En novembre 2023, un Ă©vĂ©nement majeur a accĂ©lĂ©rĂ© le dĂ©bat : l’invalidation par la Cour constitutionnelle de Karlsruhe d’un fond public de 60 milliards d’euros, destinĂ© Ă  la transition Ă©nergĂ©tique. Ce coup de théùtre a rĂ©vĂ©lĂ© l’ampleur des contradictions d’un systĂšme qui contournait ses propres rĂšgles. Christian Lindner, ministre fĂ©dĂ©ral des Finances de 2021 Ă  2024, a qualifiĂ© cette dĂ©cision de « tournant dĂ©cisif », regrettant amĂšrement de ne pas avoir anticipĂ© un tel blocage.

La pression s’intensifie Ă©galement sur le plan politique. Le probable futur chancelier, Friedrich Merz, chef de la CDU-CSU, a rĂ©cemment surpris en se disant prĂȘt Ă  rĂ©former le frein Ă  la dette. « C’est un sujet technique, on peut en discuter, » a-t-il dĂ©clarĂ© lors d’une confĂ©rence au SĂŒddeutsche Zeitung, marquant un revirement majeur par rapport Ă  ses positions antĂ©rieures.

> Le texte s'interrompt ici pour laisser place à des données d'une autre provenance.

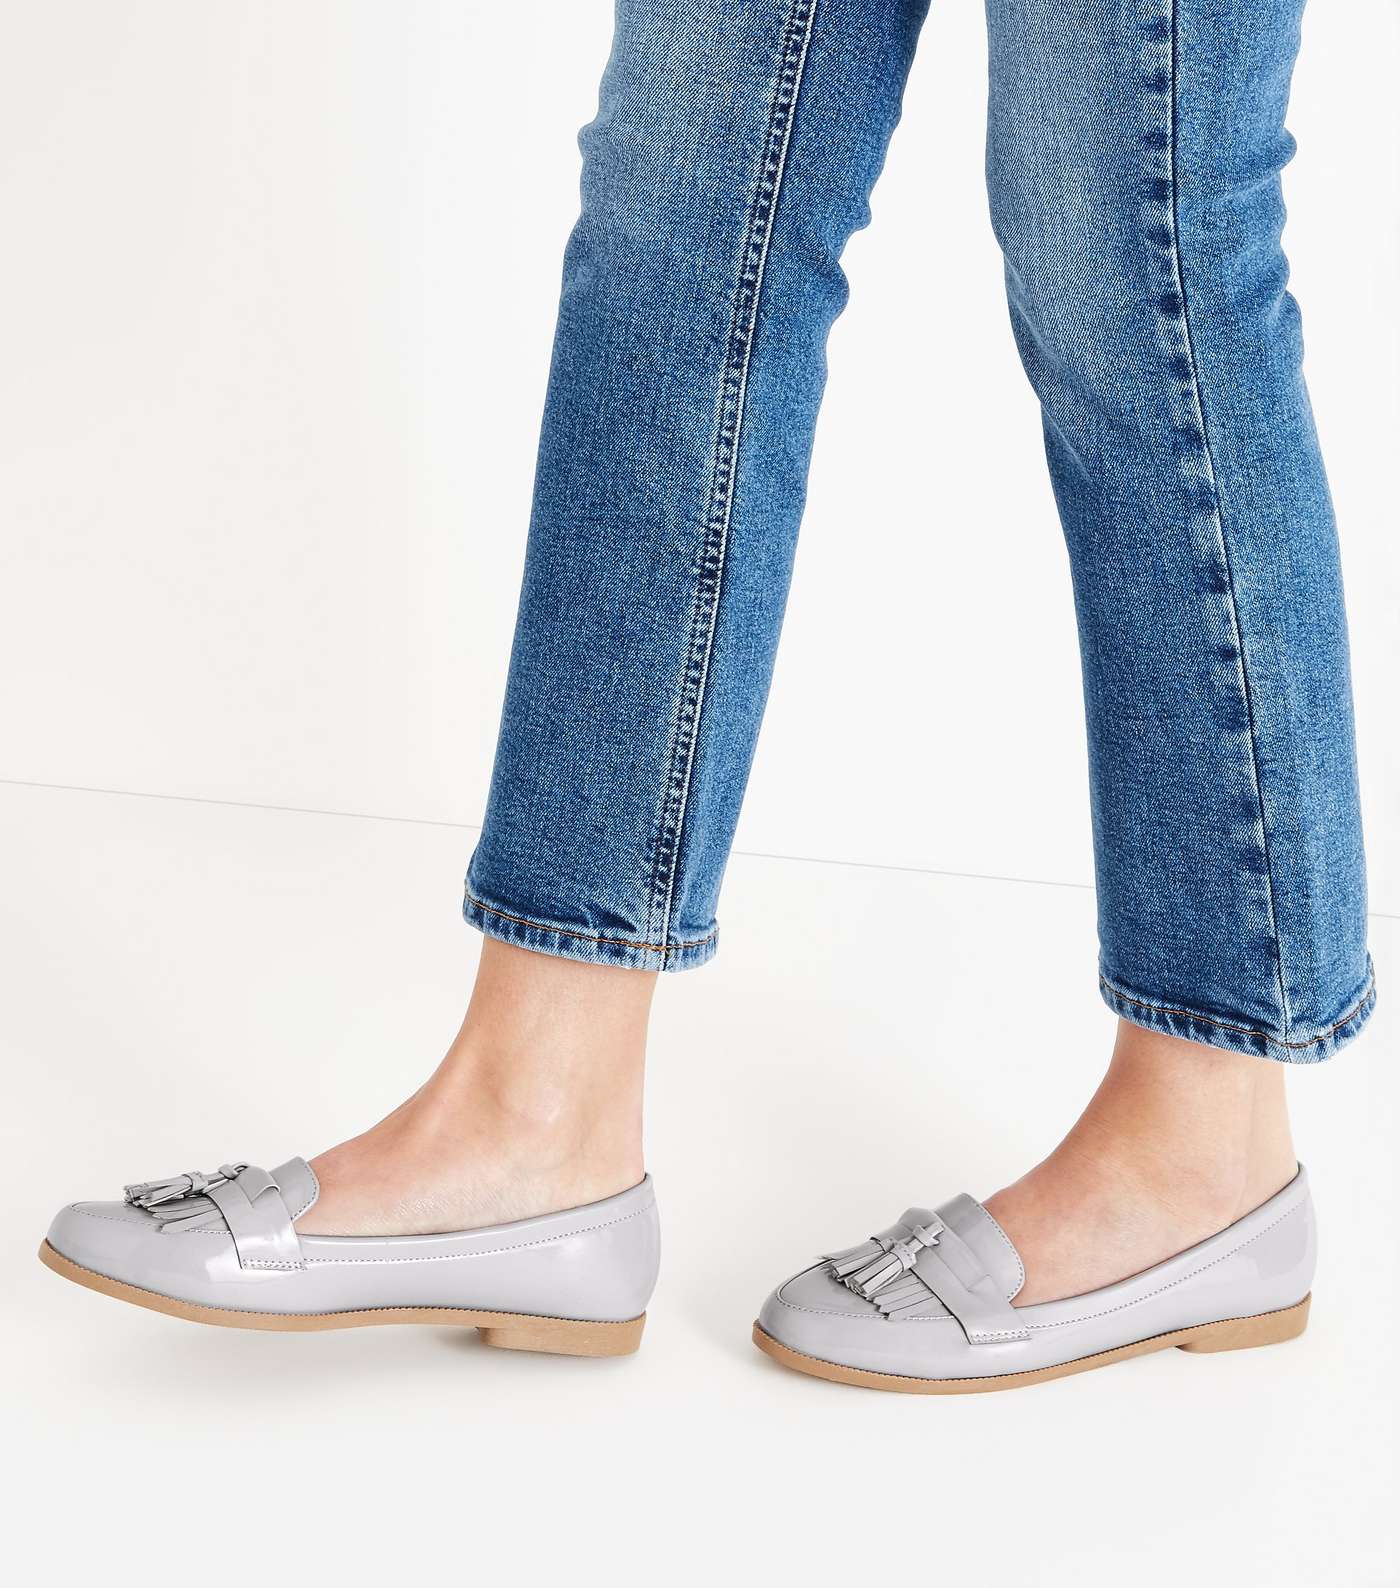 Grey Patent Fringe Front Loafers Image 2

Cette volte-face s’explique par des besoins colossaux : la modernisation des infrastructures nĂ©cessitera 400 milliards d’euros d’ici 2030, la transition numĂ©rique 50 milliards, et le rĂ©armement militaire au moins 100 milliards, selon l’Institut Ă©conomique allemand. Les Ă©coles et les routes, piliers d’une sociĂ©tĂ© fonctionnelle, sont dans un Ă©tat lamentable. En 2021, seulement 1,2 % du PIB allemand a Ă©tĂ© consacrĂ© Ă  l’entretien des infrastructures, contre une moyenne europĂ©enne de 2,5 %. En comparaison, la France investissait prĂšs de 3,7 % du PIB dans ses infrastructures publiques la mĂȘme annĂ©e.

« Schwarze Null »

Les ambitions climatiques du pays sont en pĂ©ril. AprĂšs des dĂ©buts prometteurs, les Ă©missions de CO₂ stagnent depuis 2013. La part des Ă©nergies renouvelables, bien qu’en progression, reste insuffisante : 47 % de la consommation brute d’électricitĂ©, contre des objectifs bien plus ambitieux fixĂ©s par l’Union europĂ©enne.

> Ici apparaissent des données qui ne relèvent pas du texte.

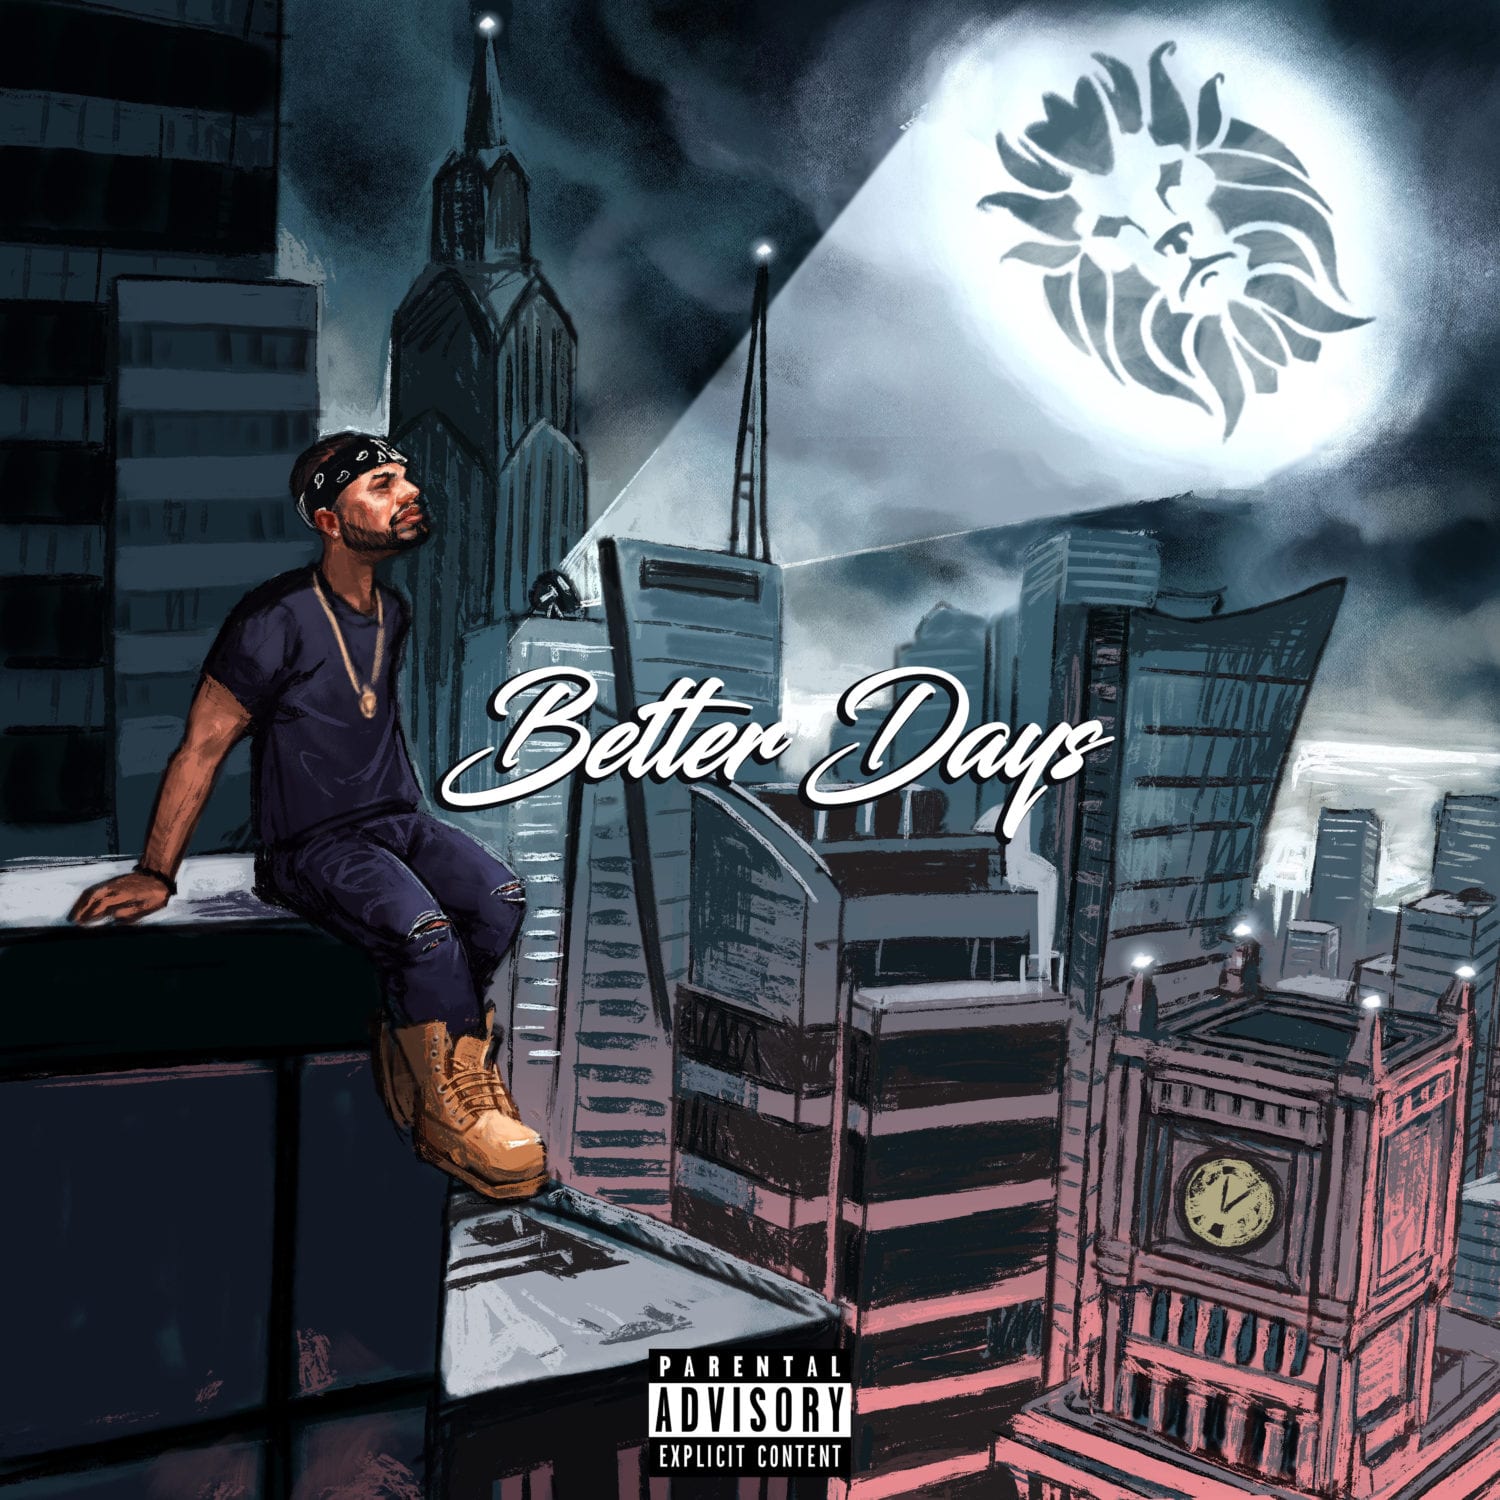 New Single By Remedy - "Better Days"

Le journaliste Ullrich Fichtner, dans une tribune cinglante, met en garde contre une Allemagne figĂ©e dans son immobilisme : « Dans beaucoup de domaines d’avenir, nous sommes mĂ©diocres, l’État est dysfonctionnel ; nous sommes restĂ©s figĂ©s dans notre prospĂ©ritĂ©. »

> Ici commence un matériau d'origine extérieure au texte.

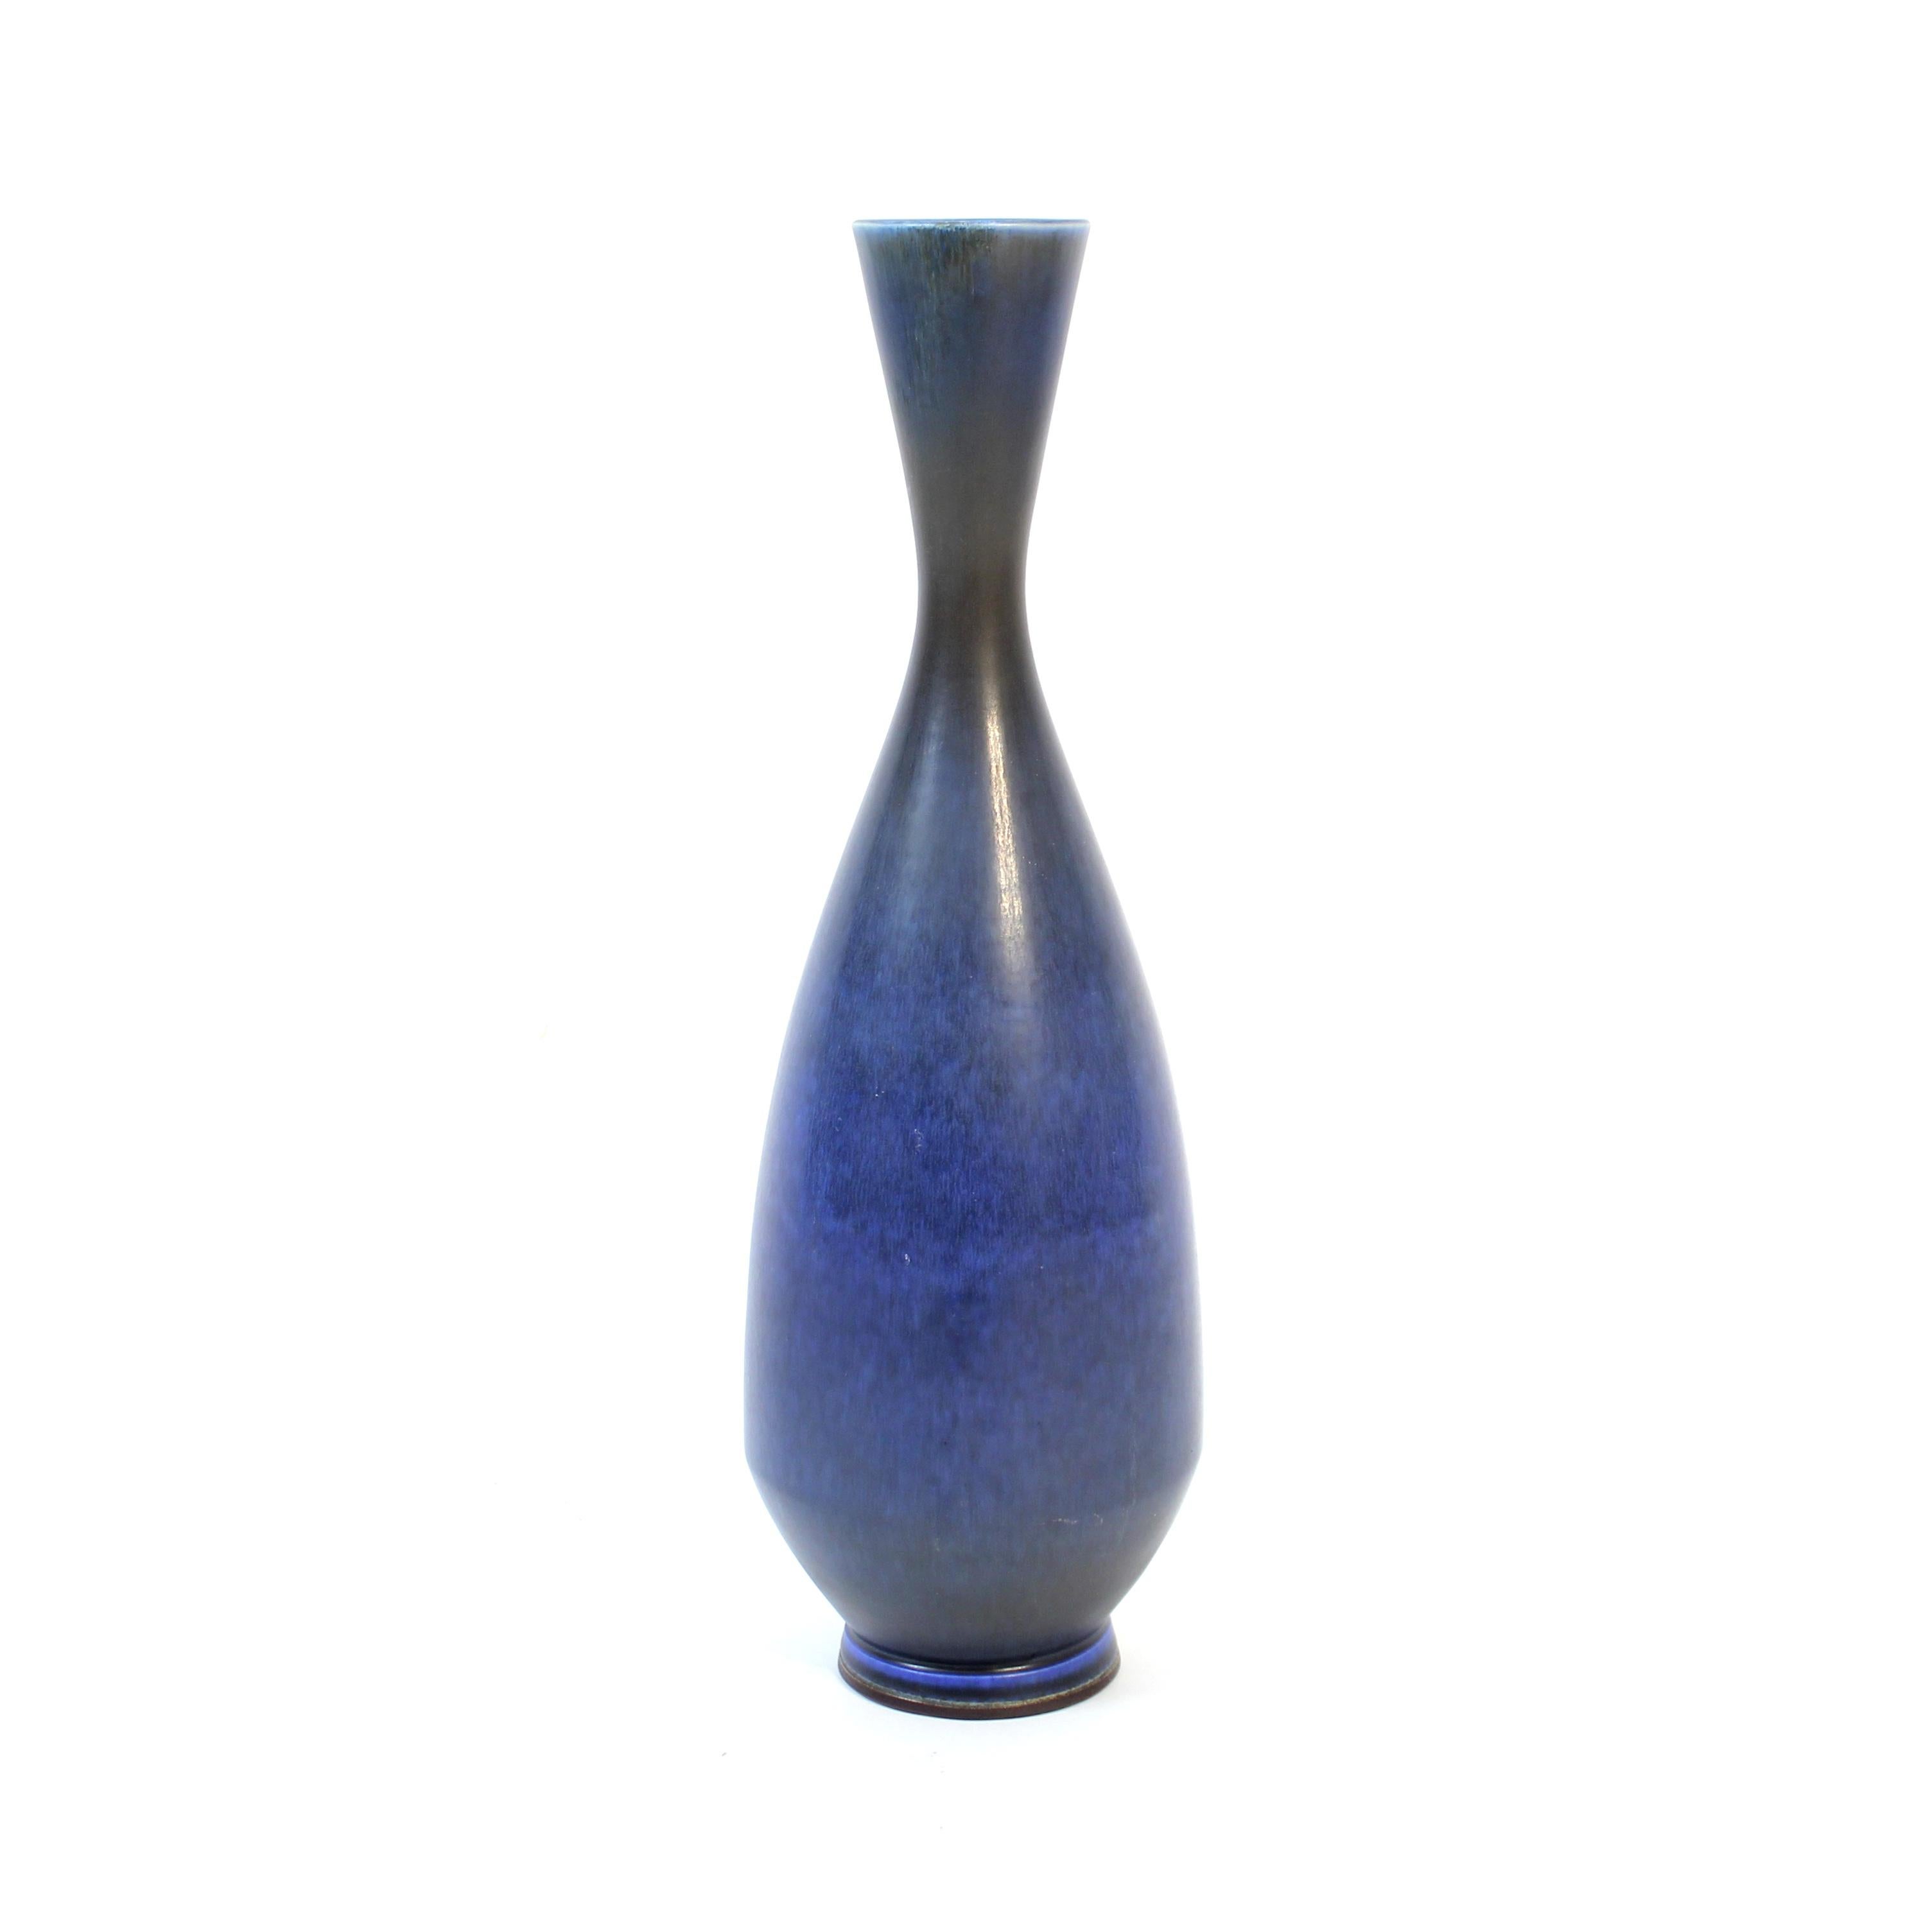 Large blue vase with hare fur glaze designed by Berndt Friberg for Gustavsberg studios in the 1950s. Impressive size and much larger than most Friberg vases. The vase has been restored by the top Swedish ceramic restore and is now in a very good

Les critiques ne viennent pas seulement de l’étranger. À l’intĂ©rieur mĂȘme de l’Allemagne, les voix s’élĂšvent contre cette politique d’austĂ©ritĂ©. Jacques-Pierre Gougeon conclut avec luciditĂ© : « À l’aune de cette crise, l’Allemagne a su mettre entre parenthĂšses les grands principes qui semblaient jusqu’alors prĂ©valoir. » Mais ces parenthĂšses sont temporaires, et l’Allemagne devra bientĂŽt choisir entre rigueur budgĂ©taire et modernisation indispensable.